We are committed to adhering to sound principles of ethical conduct and good corporate governance. We have adopted a number of corporate governance policies and practices designed to promote the long-term interests of our stockholders, maintain internal checks and balances, strengthen management accountability, engender public trust and foster responsible decision making and accountability. The following are certain of the important corporate governance policies and practices we have adopted.

Committee Charters

We have adopted a charter for each of the three committees of the Board. Each committee charter outlines the authority and responsibilities delegated by the Board to the respective committee; enumerates membership requirements for the committee, including any applicable New York Stock Exchange (“NYSE”) or Securities and Exchange Commission (“SEC”) membership requirements; and sets forth a framework for committee meetings. Summaries of each of the committee charters are set forth below under the heading “—Board Committees.” Copies of each of our committee charters is available on our website at http://icdrilling.investorroom.com/corporategovernance.

Code of Business Conduct and Ethics

We have adopted a Code of Business Conduct and Ethics (“Code of Ethics—Employees”), which provides the basic principles and guidelines to foster a culture of honesty and accountability and to establish standards of integrity, honesty and ethical conduct that all our officers and employees must follow. We have adopted a separate code of ethics that applies to our directors, including employee directors, which is described in more detail below. A copy of our Code of Ethics—Employees is available on our website at http://icdrilling.investorroom.com/code_of_conduct. Stockholders may also request a printed copy of the Code of Ethics—Employees, free of charge, by contacting our Corporate Secretary, at Independence Contract Drilling, Inc., 11601 N. Galayda Street, Houston, TX 77086 or by telephone at (281) 598-1230 or by emailing Investor.relations@icdrilling.com. Any waiver of the Code of Ethics—Employees for executive officers may be made only by our Board or a Board committee to which the Board has delegated that authority and will be promptly disclosed to our stockholders as required by applicable U.S. federal securities laws and the corporate governance rules of the NYSE. Amendments to the Code of Ethics—Employees must be approved by our Board and will be promptly disclosed (other than technical, administrative or non-substantive changes) on our website.

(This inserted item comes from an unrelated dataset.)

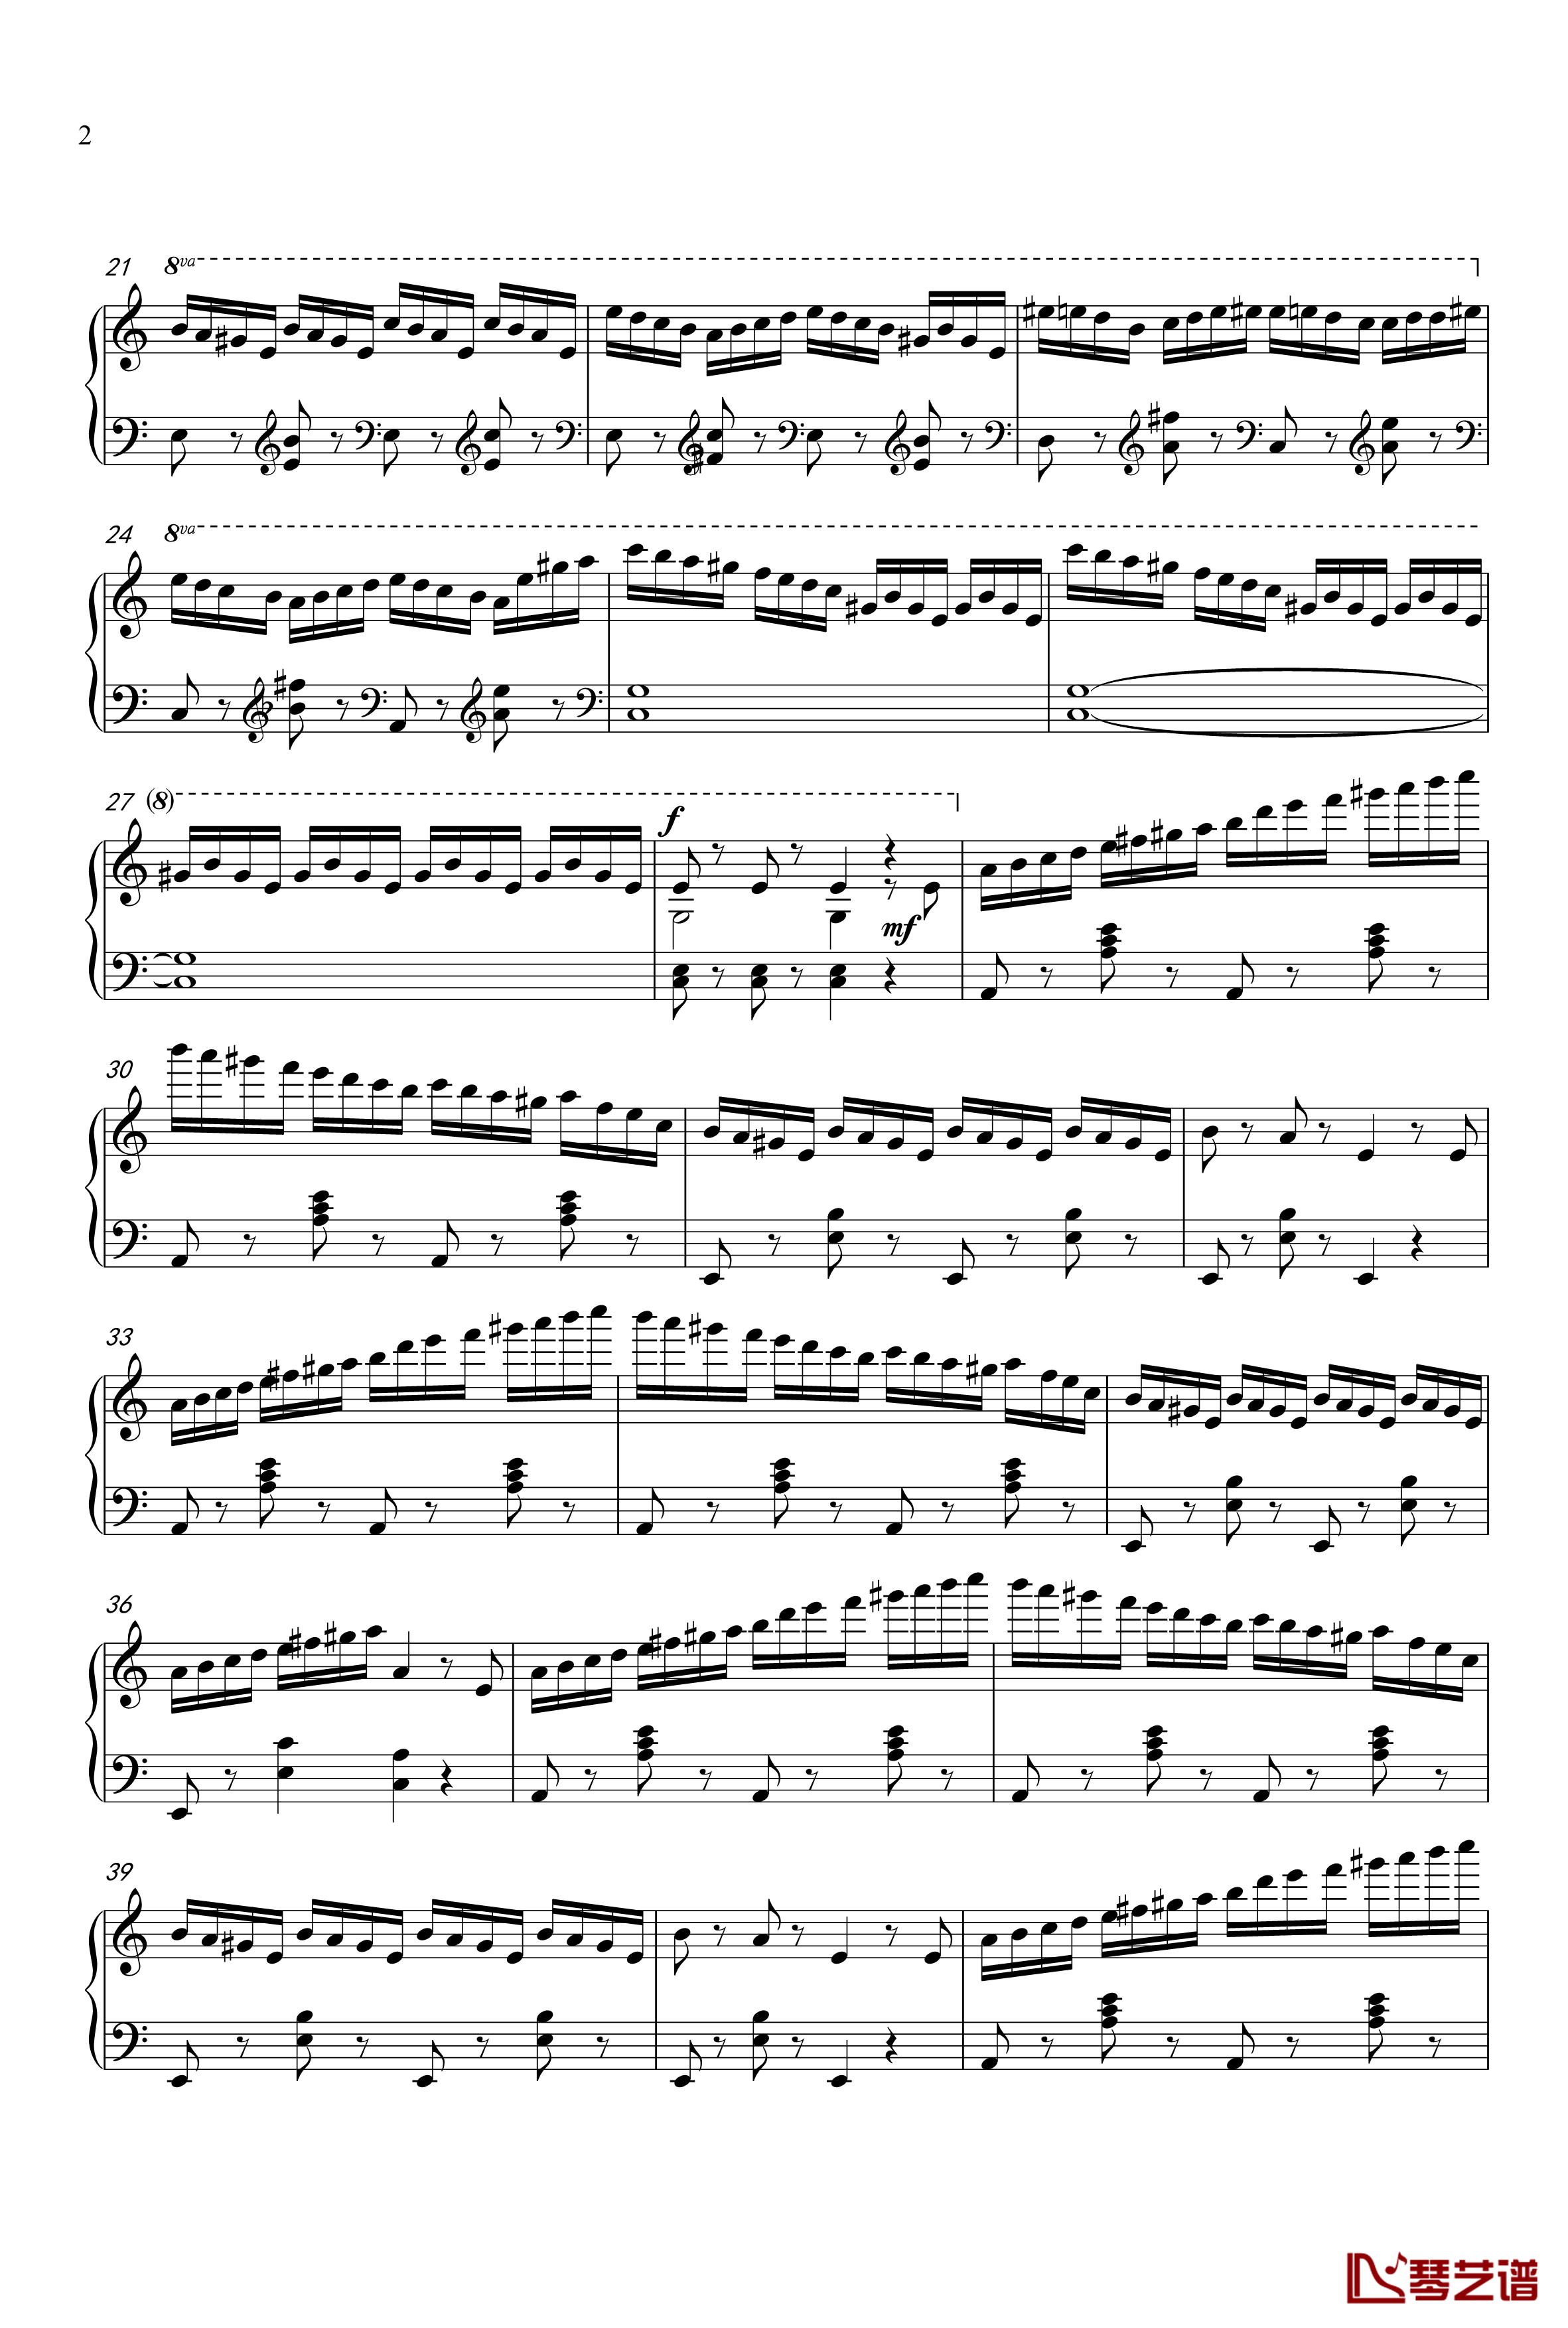 练习曲钢琴谱-zd20

Code of Ethics for Senior Officers of the Company

We have adopted a Code of Ethics for Senior Officers of the Company (“Code of Ethics—Senior Officers”), supplementing the Code of Ethics-Employees, that sets forth the ethical principles by which our Chief Executive Officer, President and Chief Operating Officer, Chief Financial Officer, Chief Accounting Officer and other executives of the Company are expected to conduct themselves when carrying out their duties. A copy of our Code of Ethics—Senior Officers is available on our website at http://icdrilling.investorroom.com/code_of_conduct. Stockholders may also request a printed copy of the Code of Ethics—Senior Officers, free of charge, by contacting our Corporate Secretary, at Independence Contract Drilling, Inc., 11601 N. Galayda Street, Houston, TX 77086 or by telephone at (281) 598-1230 or by emailing Investor.relations@icdrilling.com. Amendments to the Code of Ethics—Senior Officers must be approved by our Board and will be promptly disclosed (other than technical, administrative or non-substantive changes) on our website.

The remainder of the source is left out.